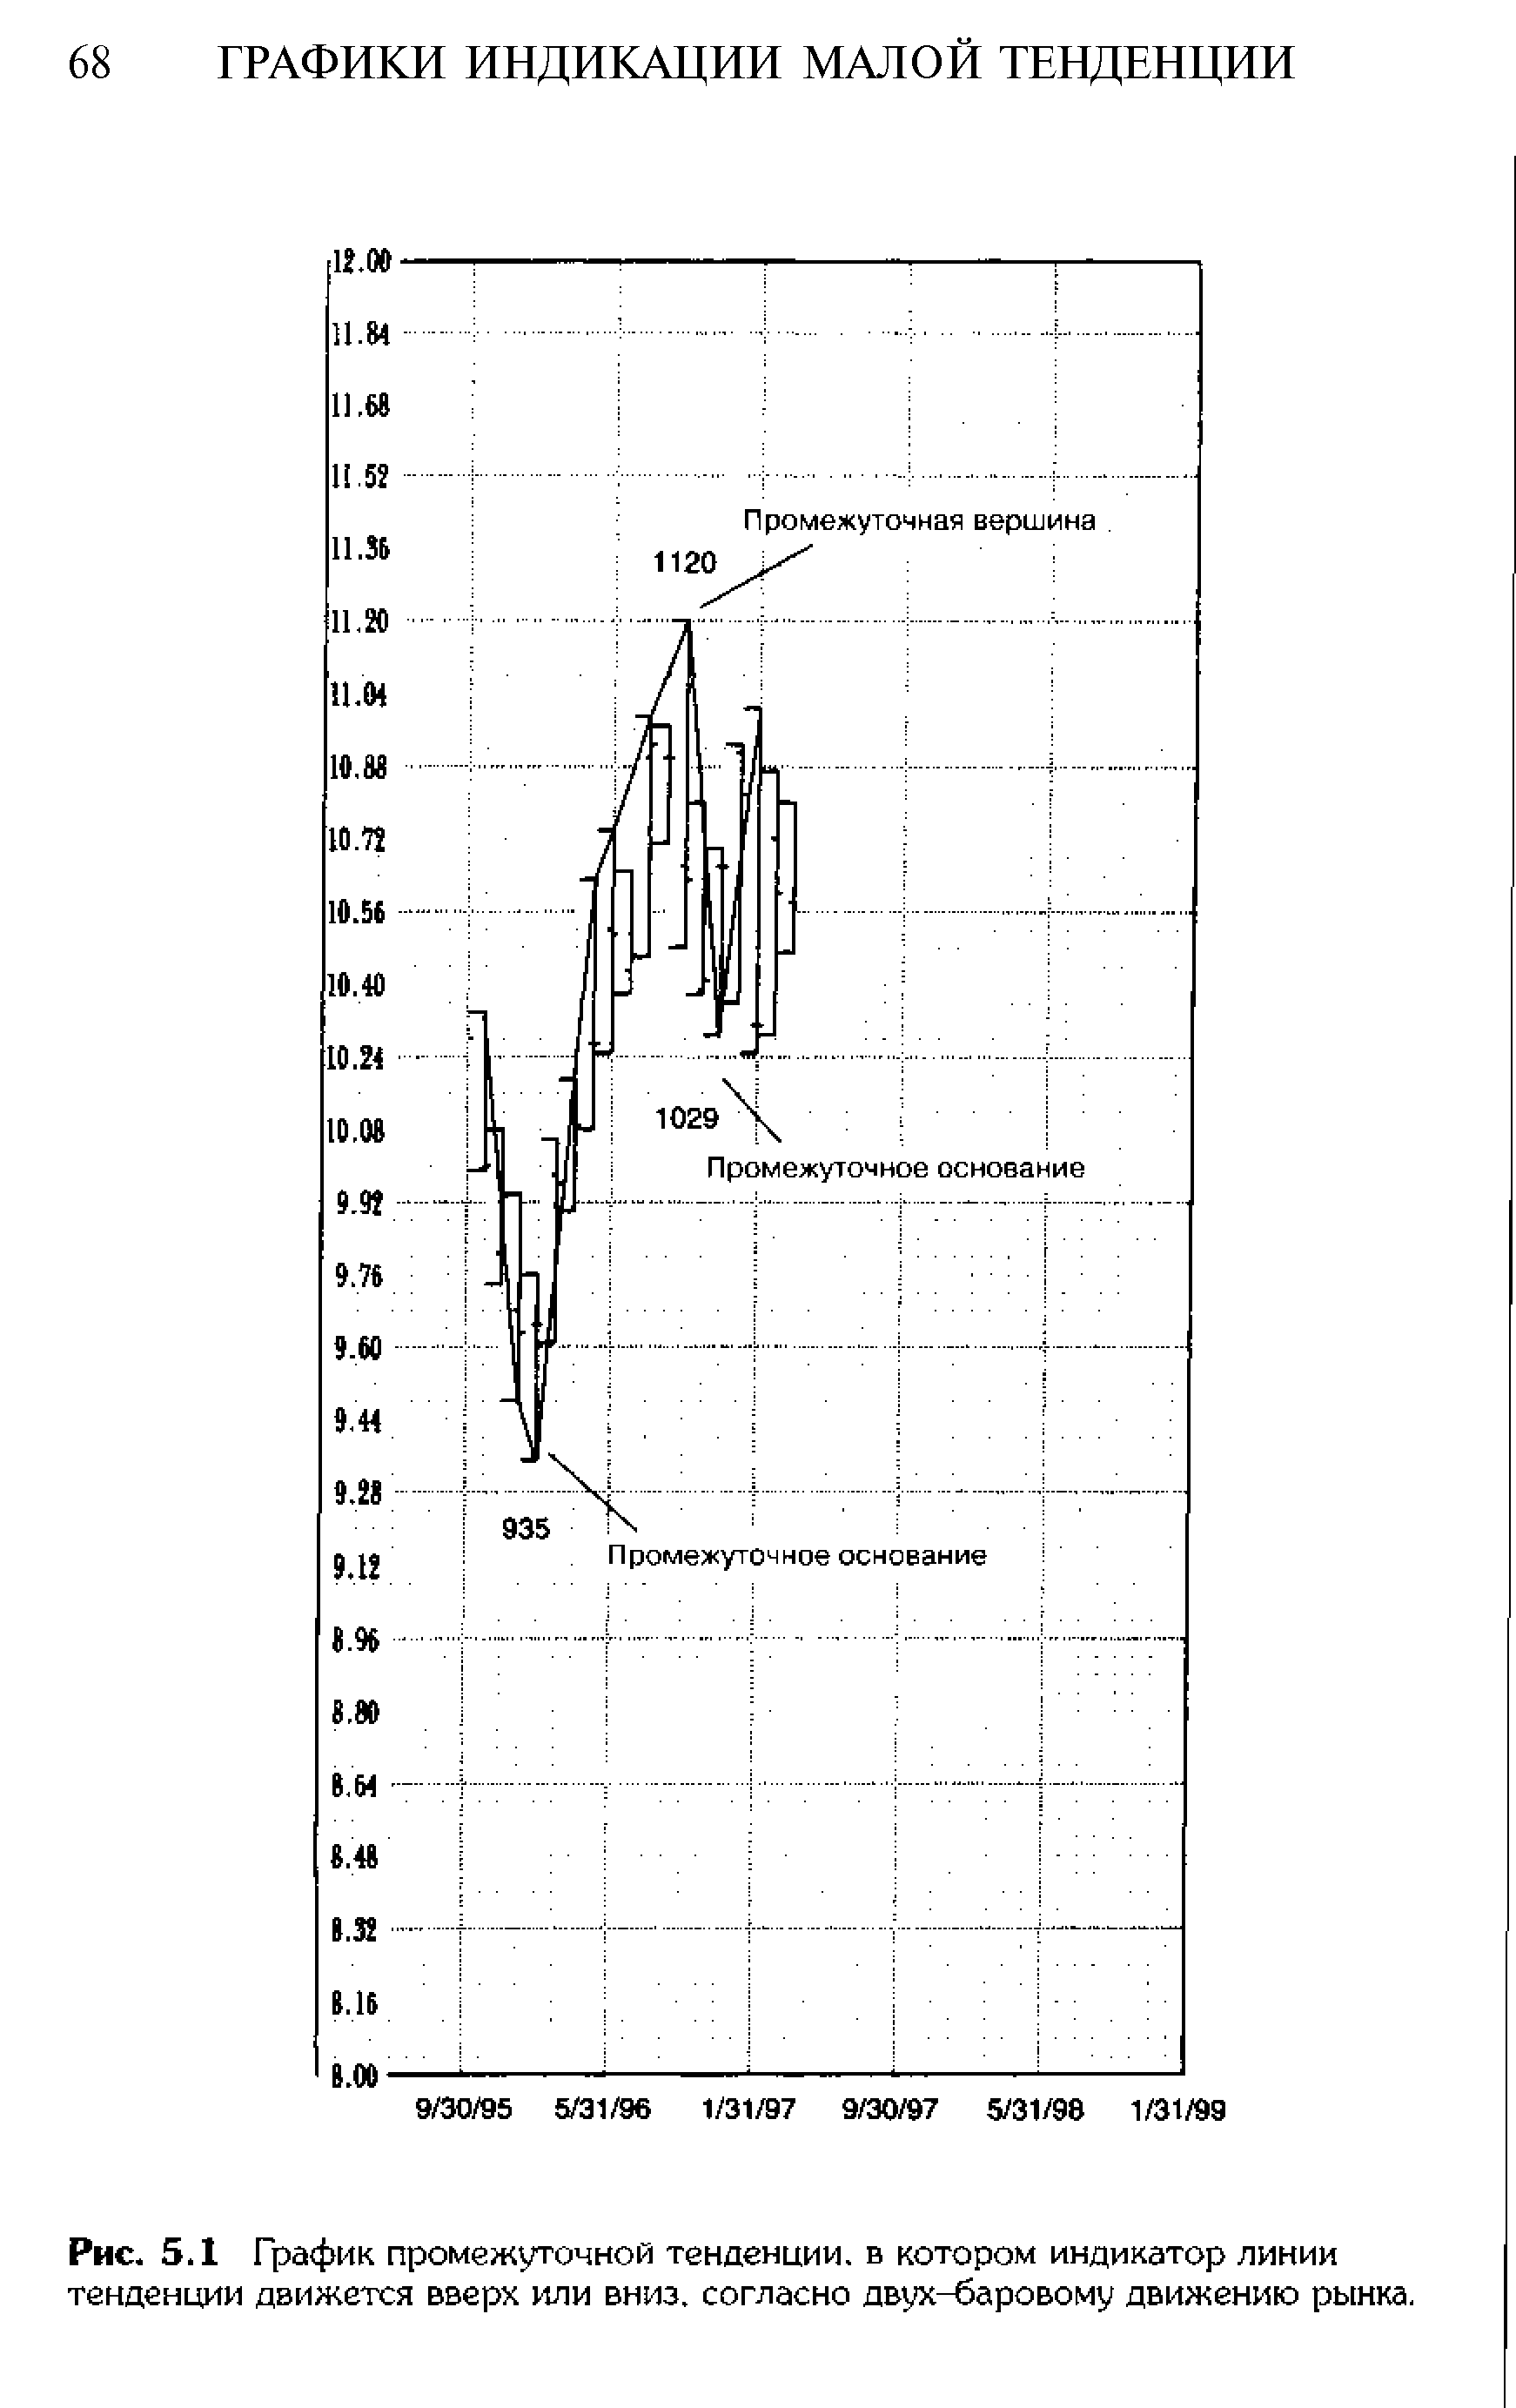 Рис. 5.1 График промежуточной тенденции, в котором индикатор линии тенденции движется вверх или вниз, согласно двух-баровому движению рынка.
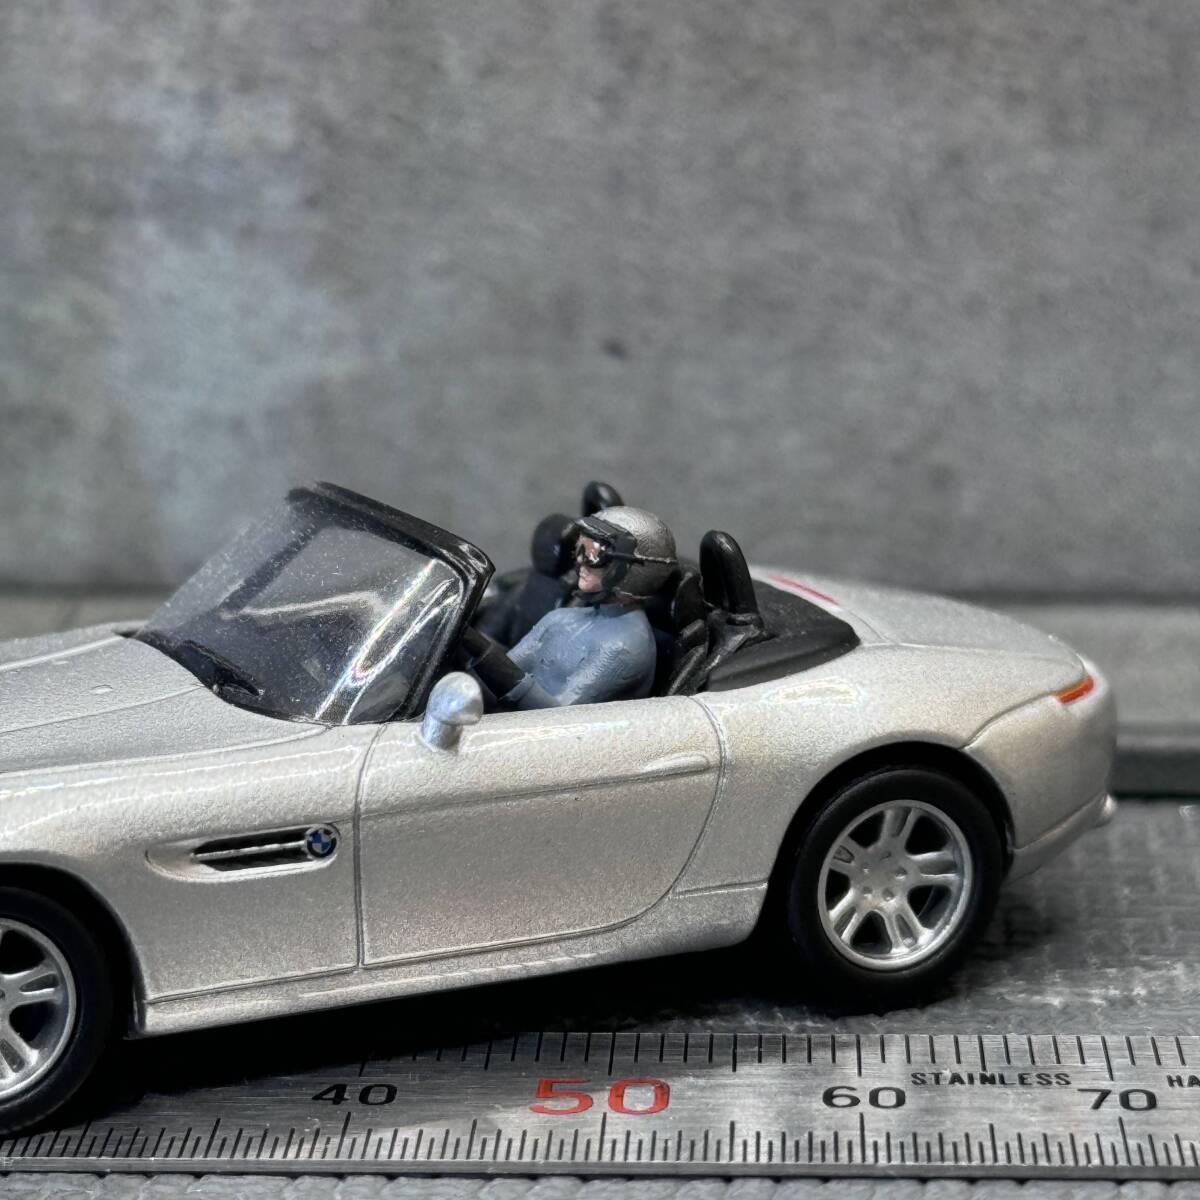 【CJ-662】1/64 スケール 自動車を運転する男性 フィギュア ミニチュア ジオラマ ミニカー トミカの画像1
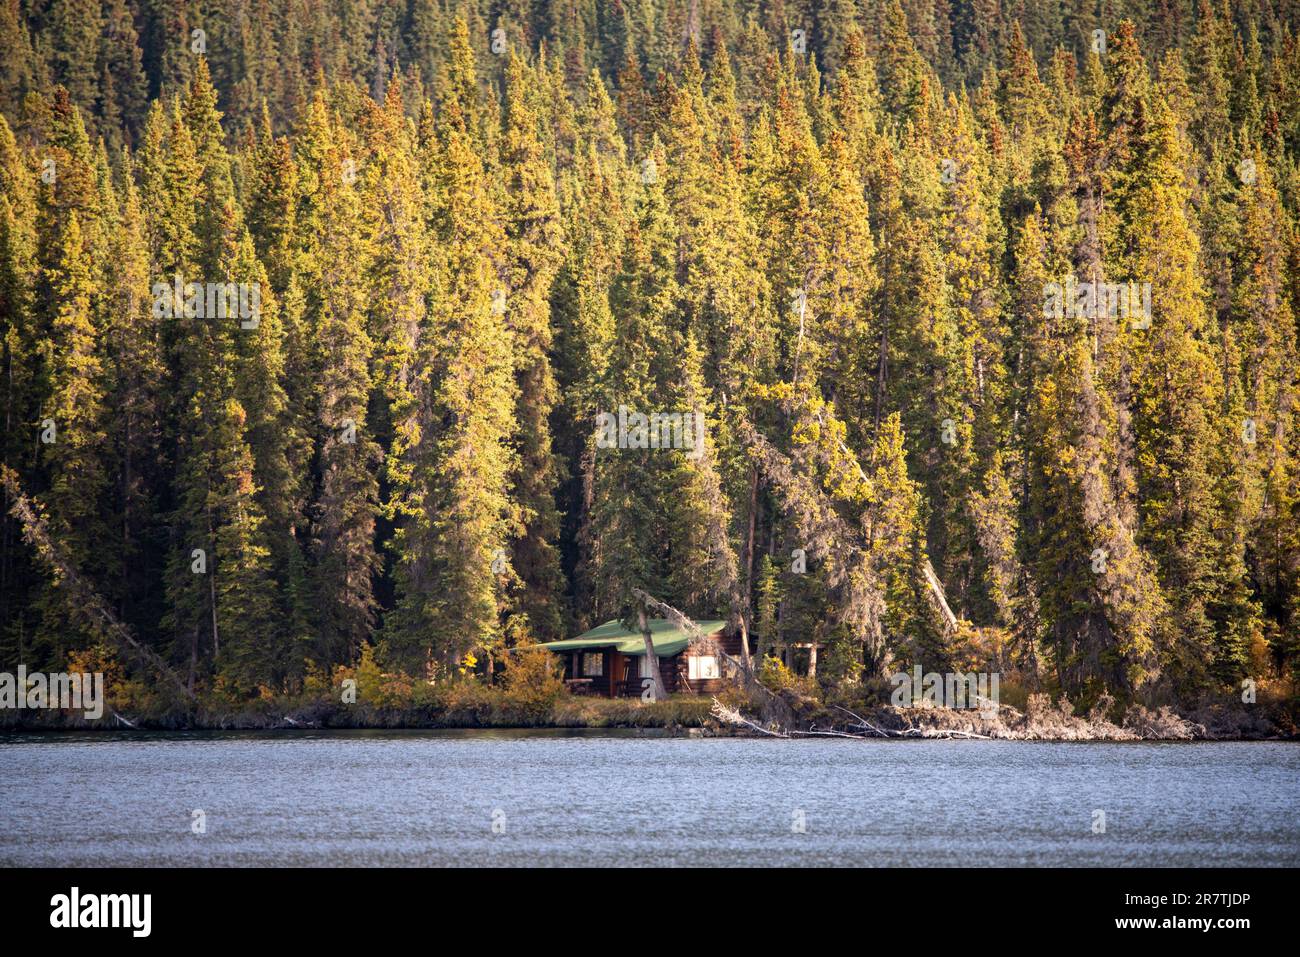 Casetta di tronchi abbandonata nella caduta selvaggia, boschi colorati d'autunno del territorio di Yukon, Canada settentrionale con corsa d'oro, vibrazioni dell'era di clondike. Foto Stock
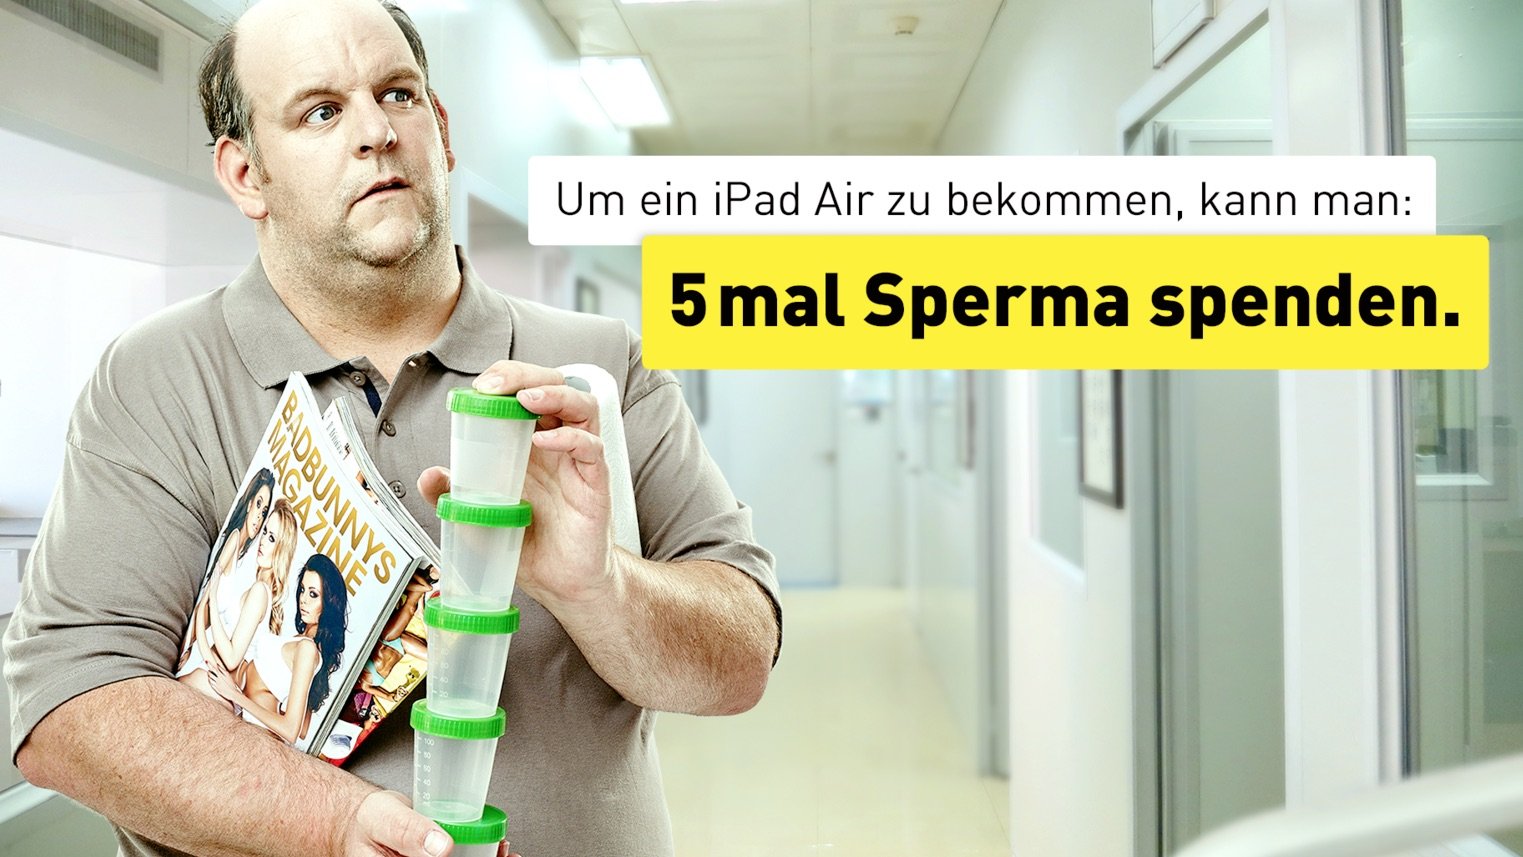 iPad Air für 5mal Sperma spenden - oder zu Yello Strom? 7
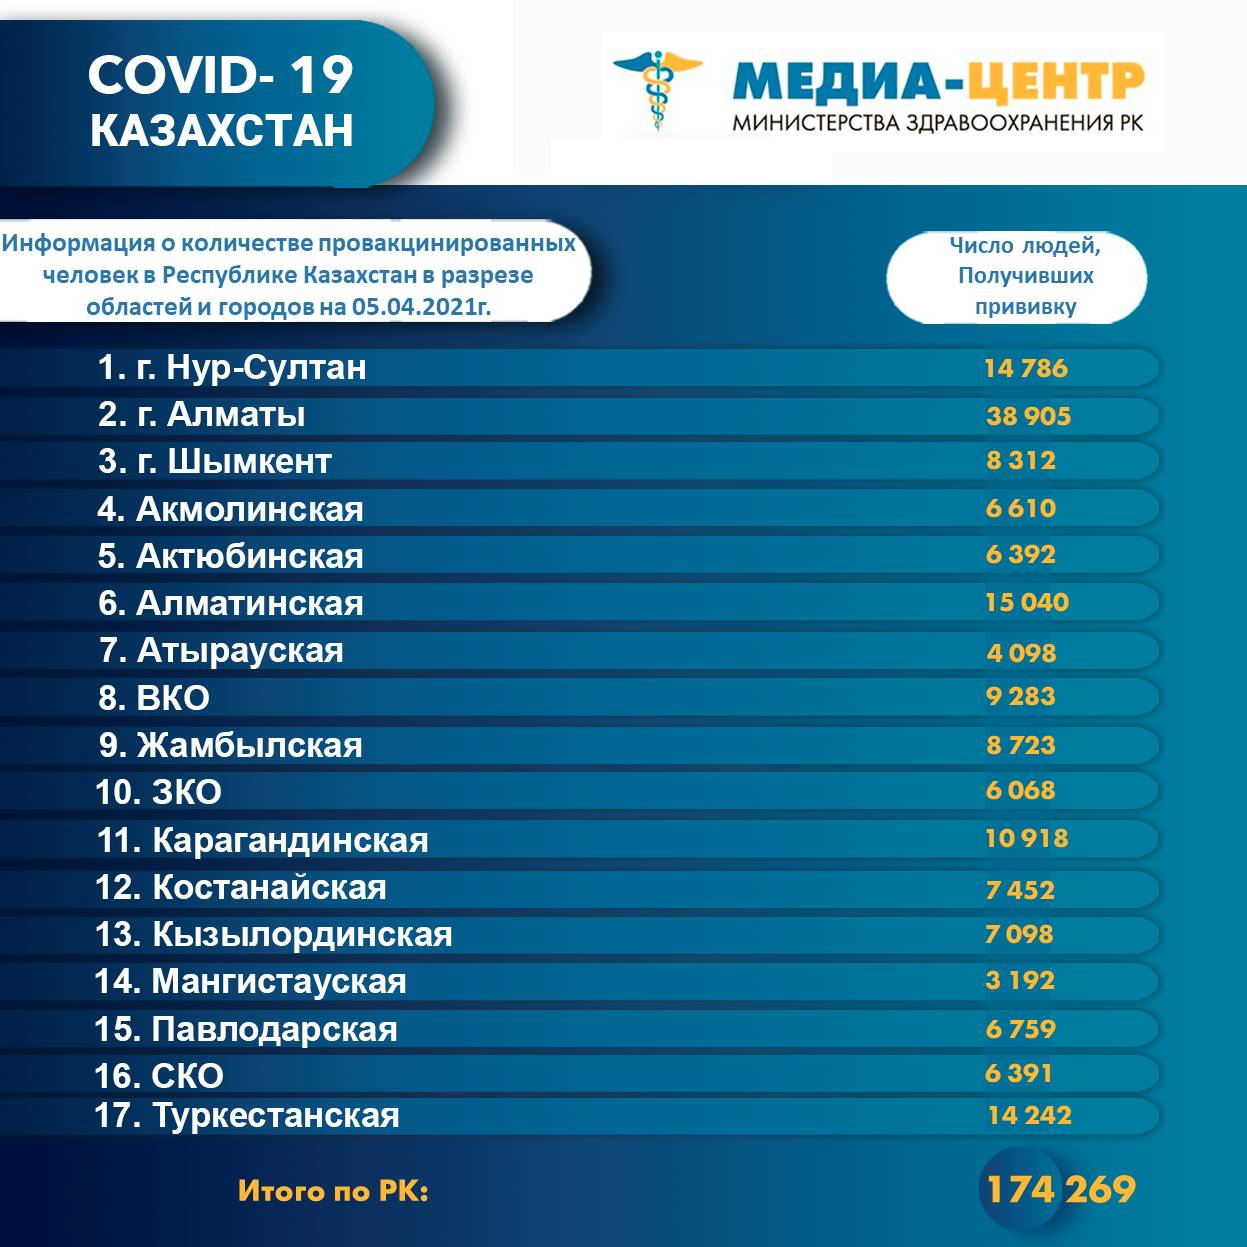 Информация о количестве провакцинированных человек в РК в разрезе областей и городов на 05.04.2021 г.
# # # # #
Your objective: With pictures omitted, repeat the entries above word for word from the line holding "ジオラマ ミニカー トミカの画像1" down to the line holding "iPad Air für", keeping both of those lines.

Task answer:
 【CJ-662】1/64 スケール 自動車を運転する男性 フィギュア ミニチュア ジオラマ ミニカー トミカの画像1
 Casetta di tronchi abbandonata nella caduta selvaggia, boschi colorati d'autunno del territorio di Yukon, Canada settentrionale con corsa d'oro, vibrazioni dell'era di clondike. Foto Stock
 iPad Air für 5mal Sperma spenden - oder zu Yello Strom? 7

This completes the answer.